***** Input data *****

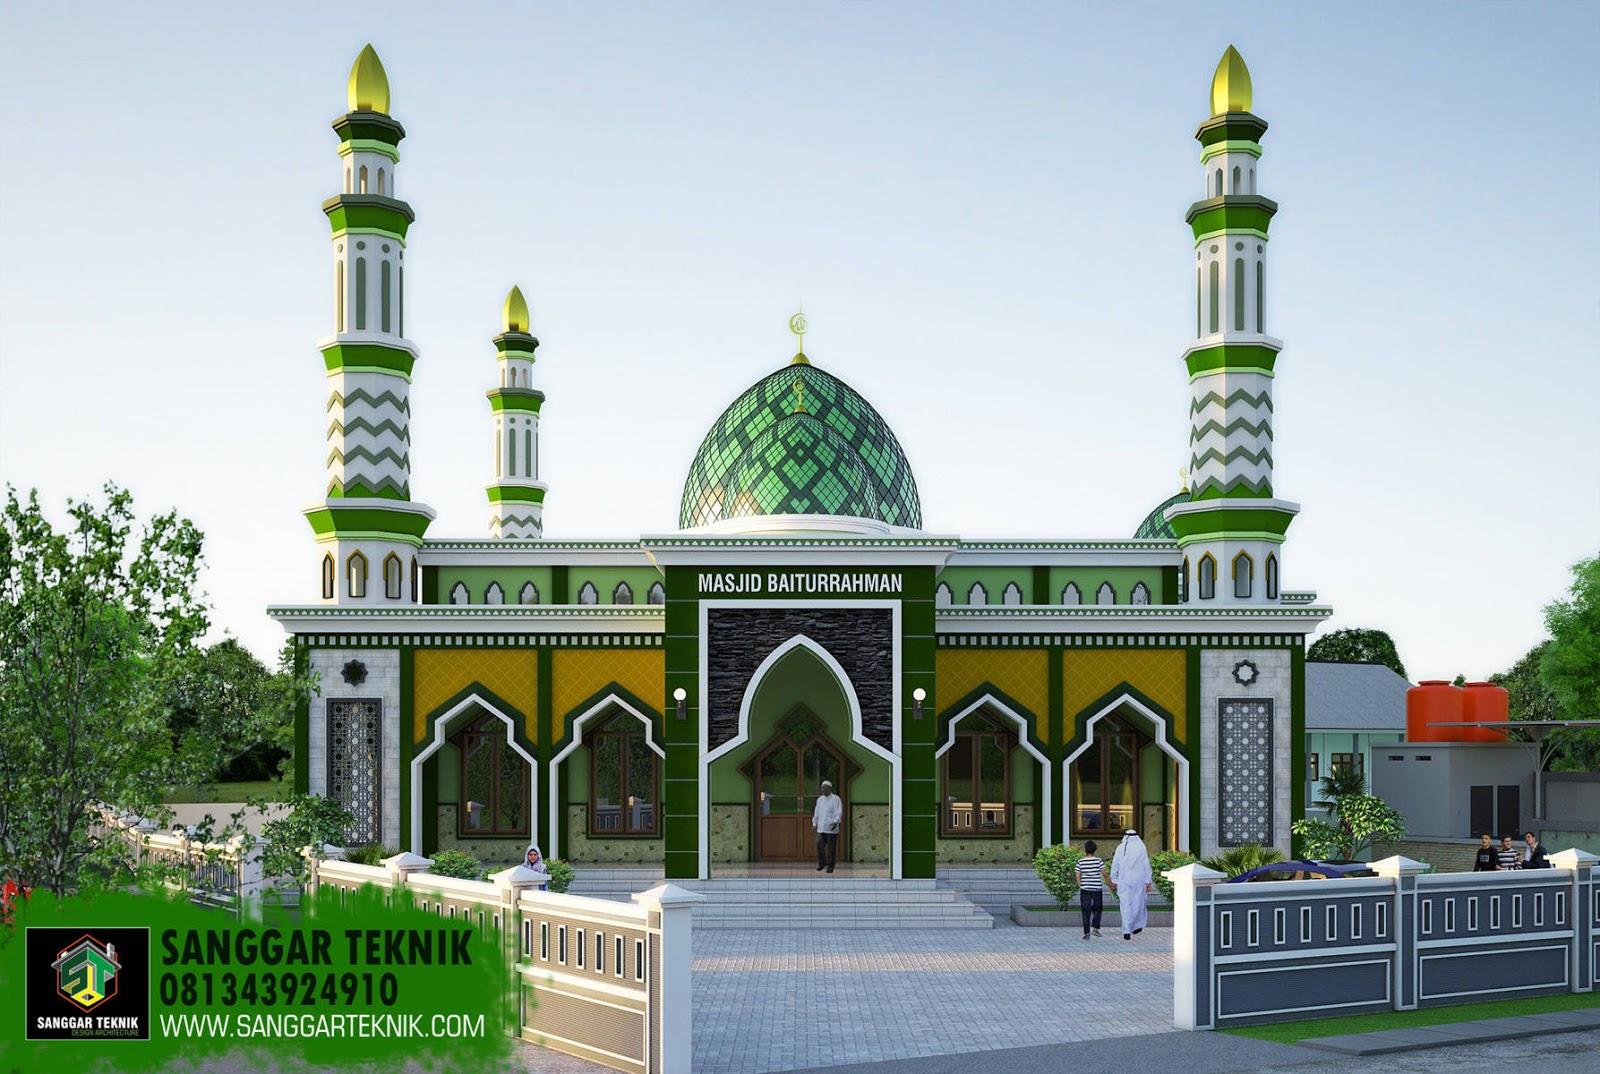 Desain Pagar Masjid Modern - Rumah Joglo Limasan Work
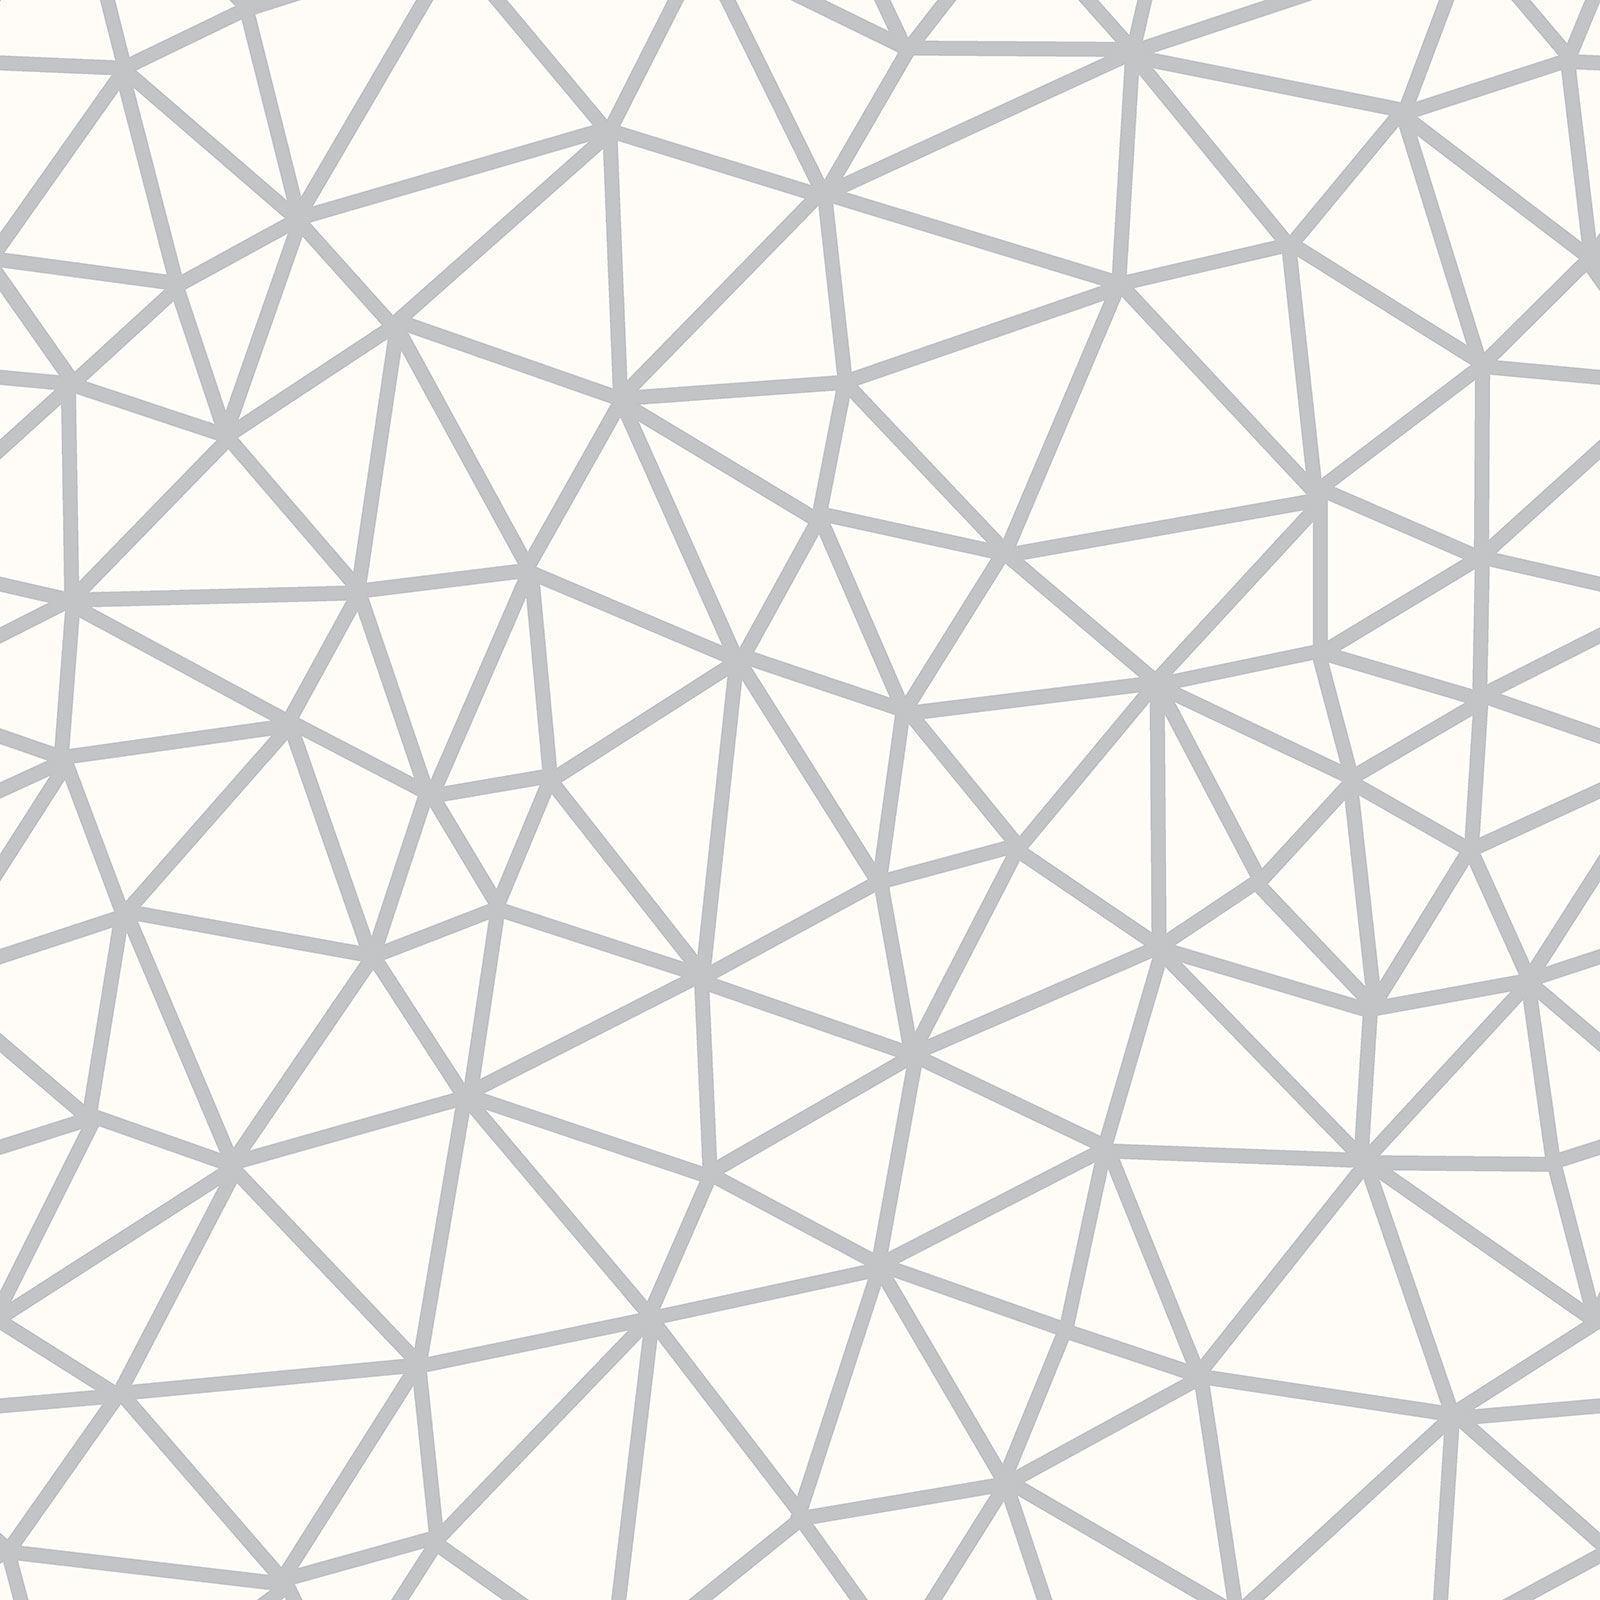 Symetrie Geometrique Triangle 310009 Papier Peint Blanc Argent Rasch
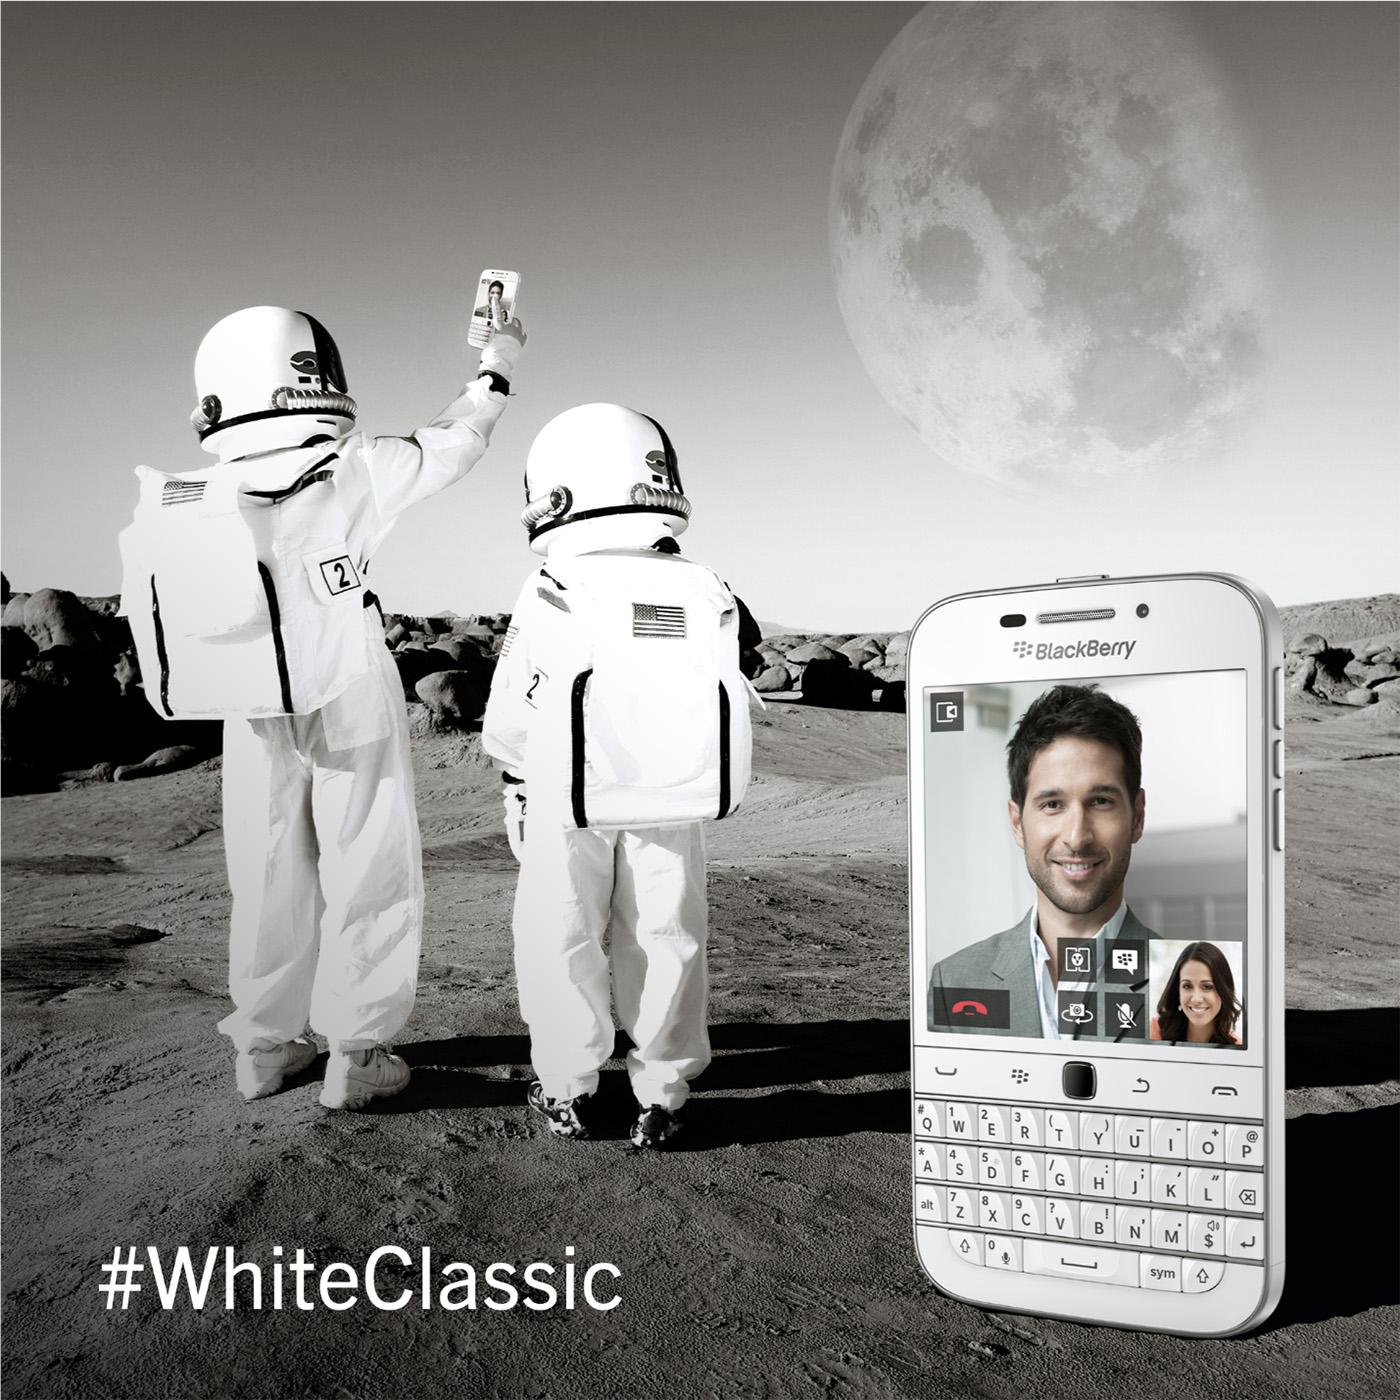 white-classic-astronauts copy

*****

[Exercise aim] A faithful copy of all the lines above is needed, with the pictures omitted.

[Task result]
 Desain Pagar Masjid Modern - Rumah Joglo Limasan Work
 Symetrie Geometrique Triangle 310009 Papier Peint Blanc Argent Rasch
 white-classic-astronauts copy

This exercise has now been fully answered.